WHAT THE TASK REQUIRES:
Could you print the stretch of lines below from the one with "A Master Bedroom" through the one with "Delia's Women's White and Pink Shirt", exactly as they stand and without any pictures?

GIVEN RECORDS:
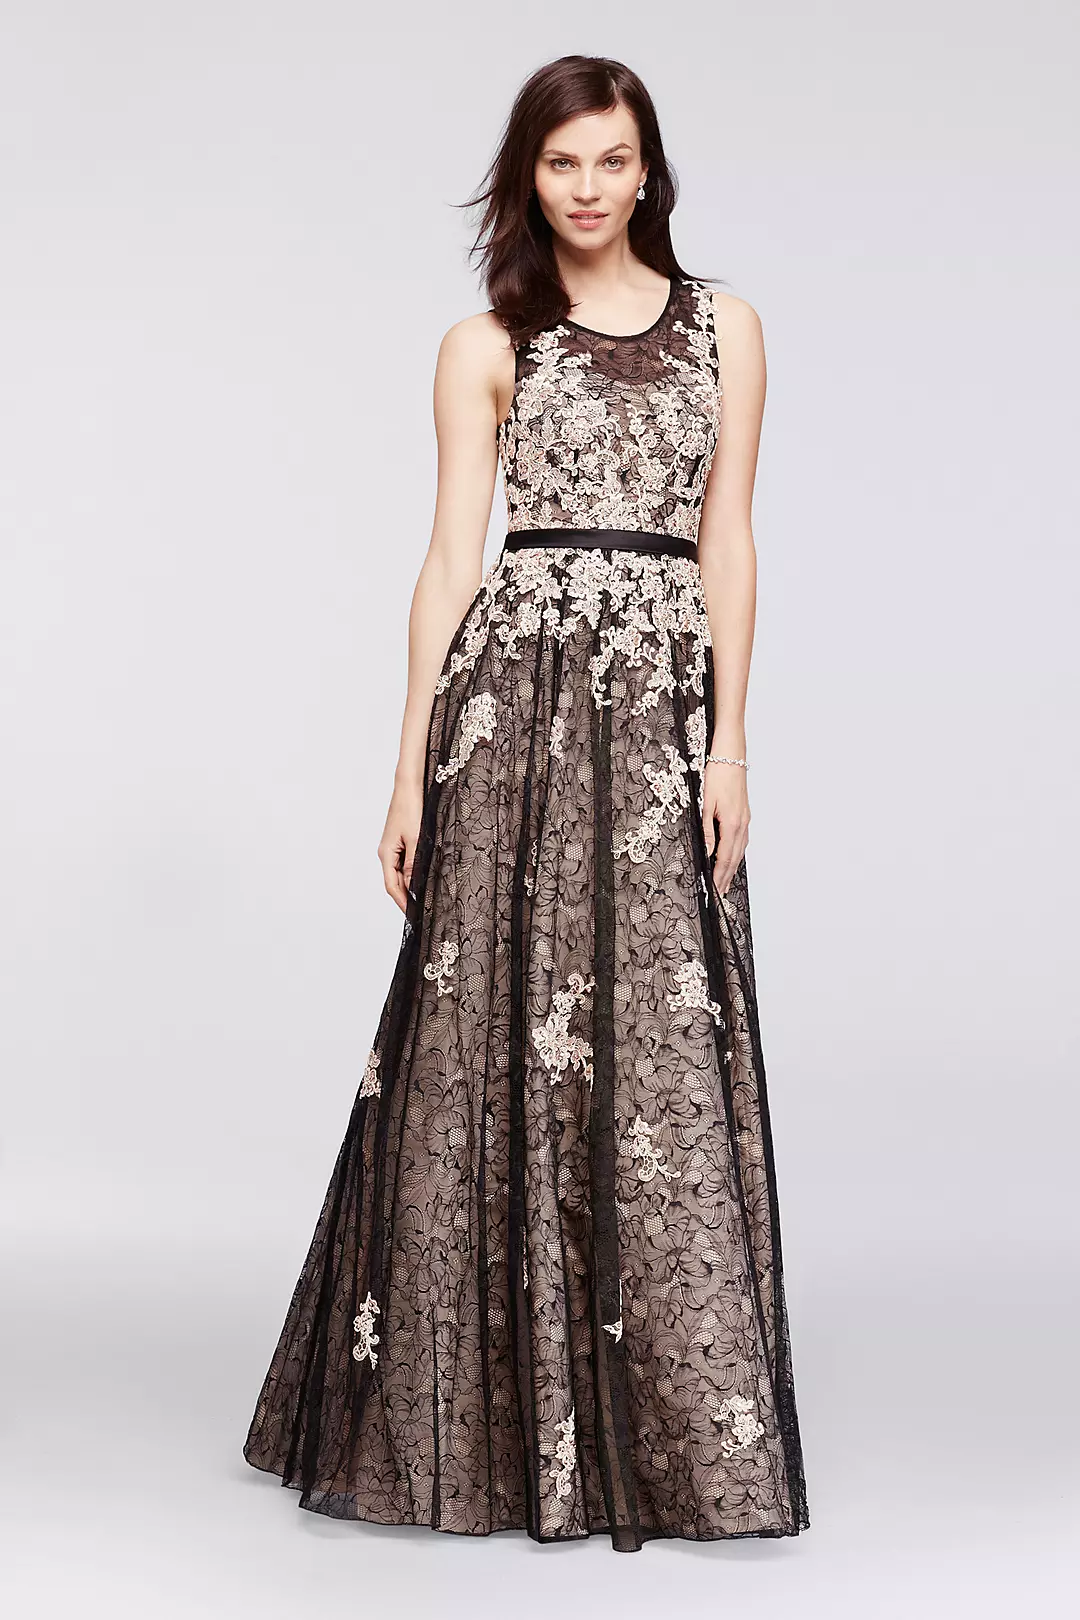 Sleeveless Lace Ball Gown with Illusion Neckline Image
--
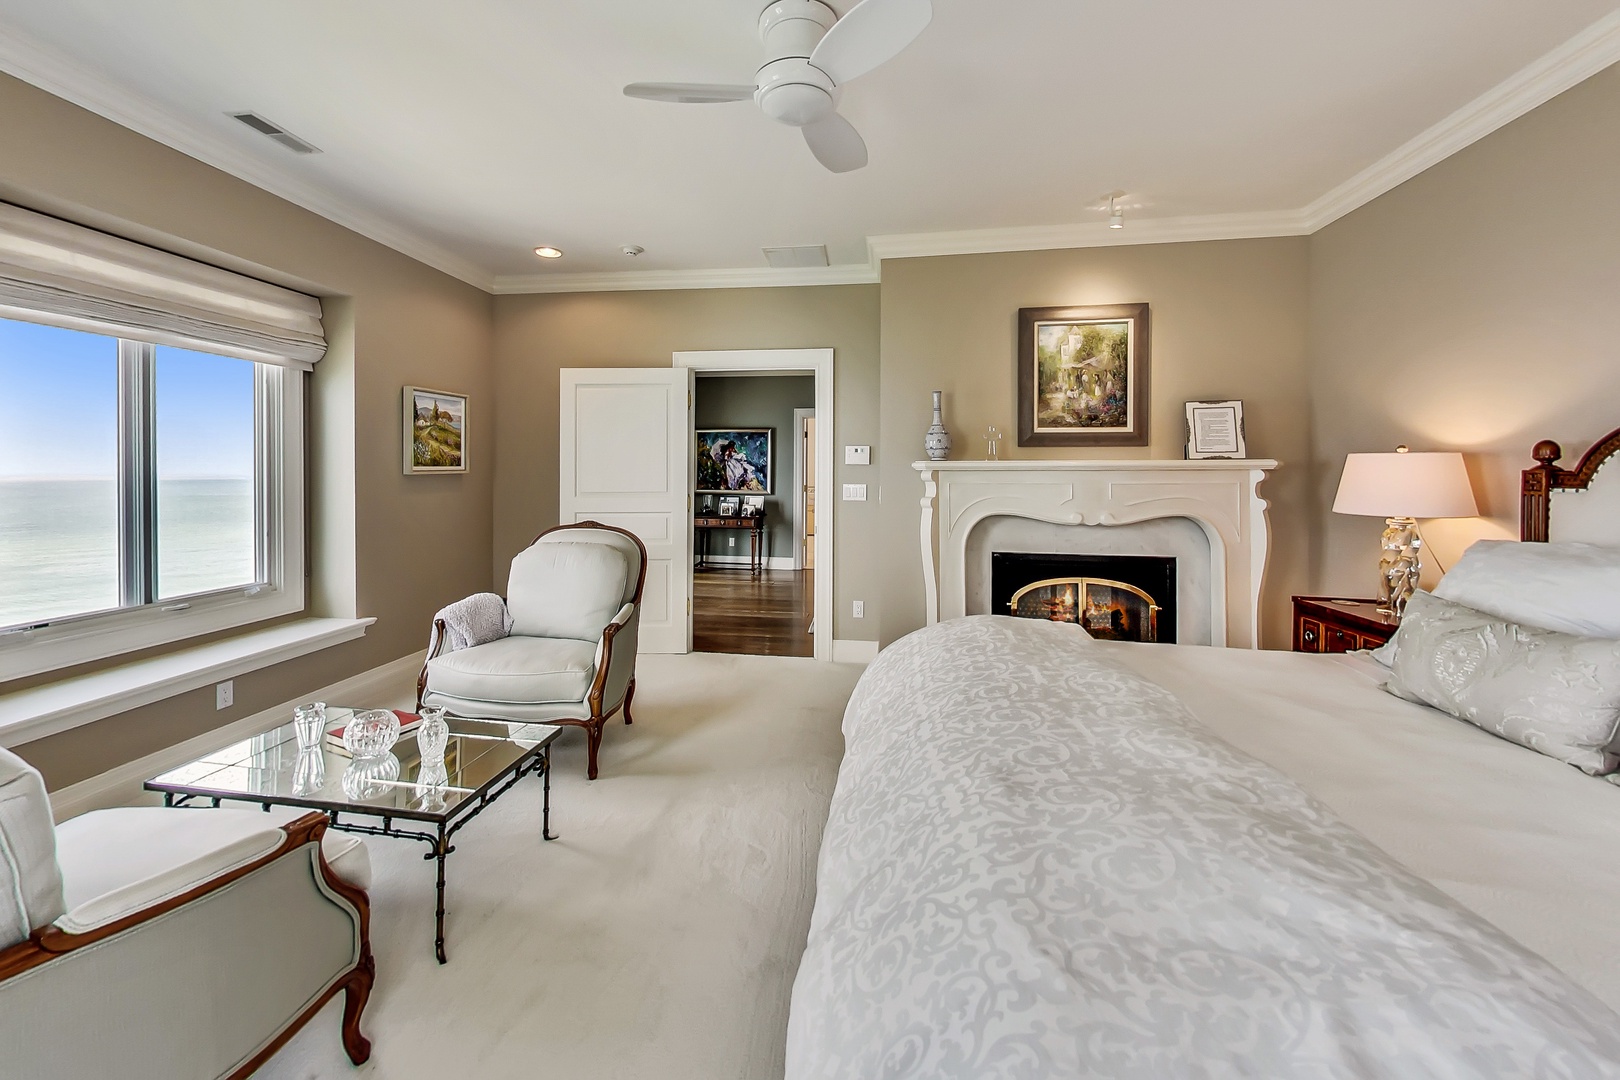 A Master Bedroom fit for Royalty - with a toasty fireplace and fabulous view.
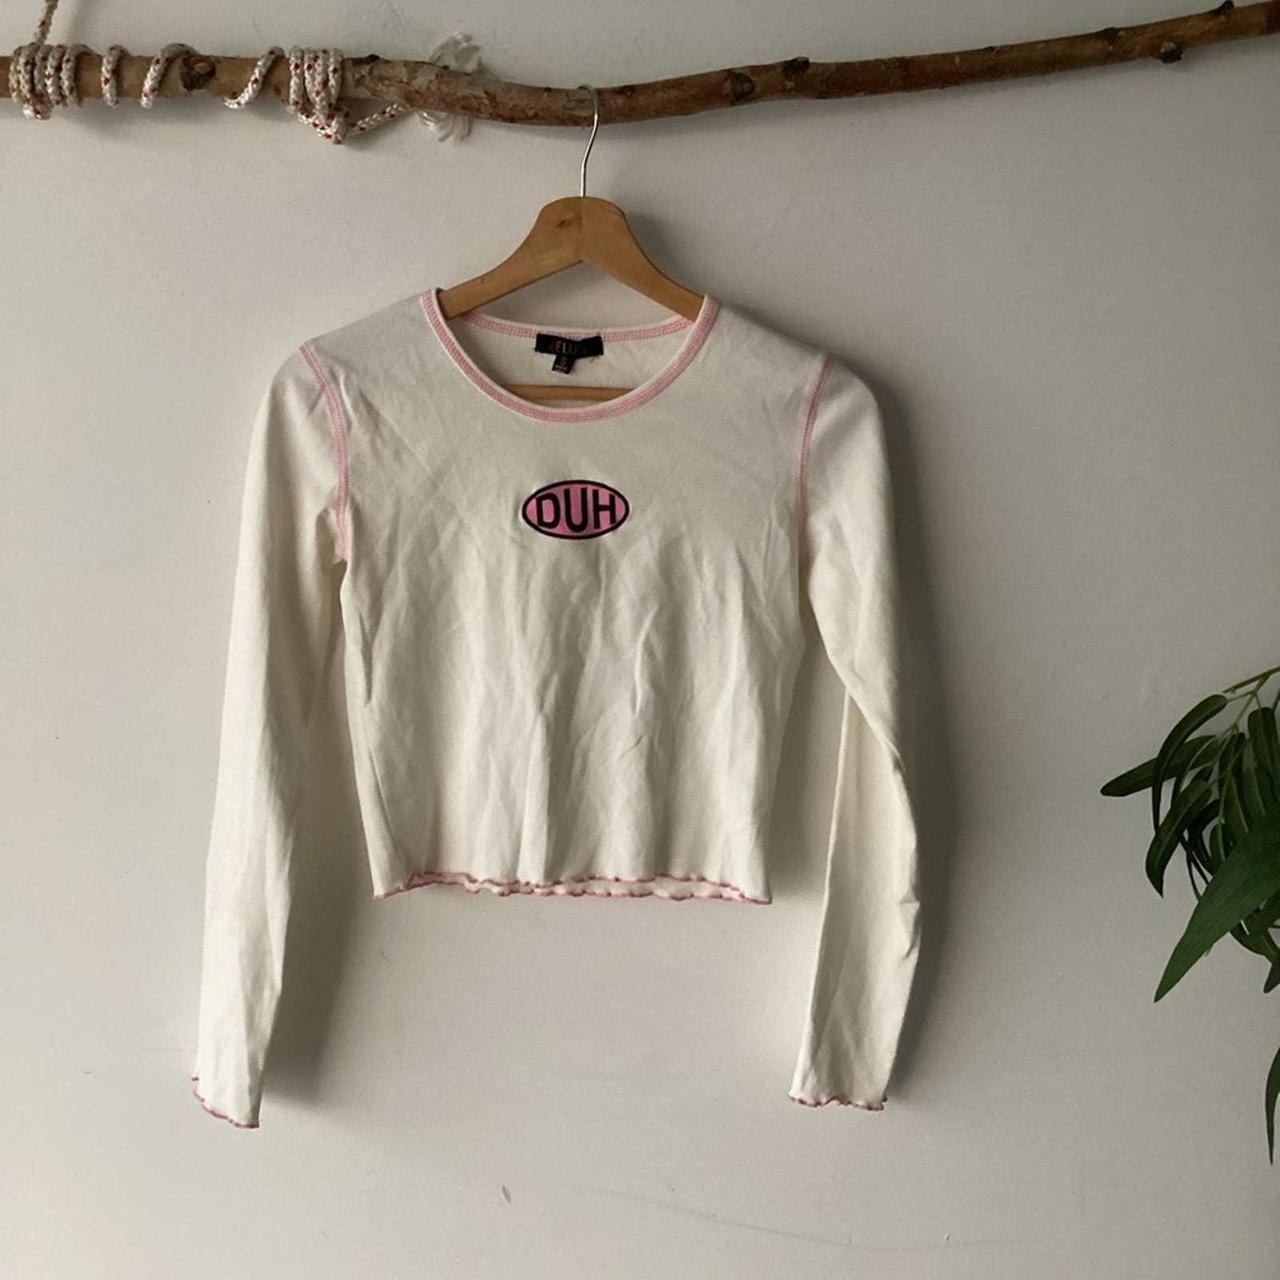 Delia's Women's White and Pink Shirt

EXERCISE RESPONSE:
 A Master Bedroom fit for Royalty - with a toasty fireplace and fabulous view.
 Delia's Women's White and Pink Shirt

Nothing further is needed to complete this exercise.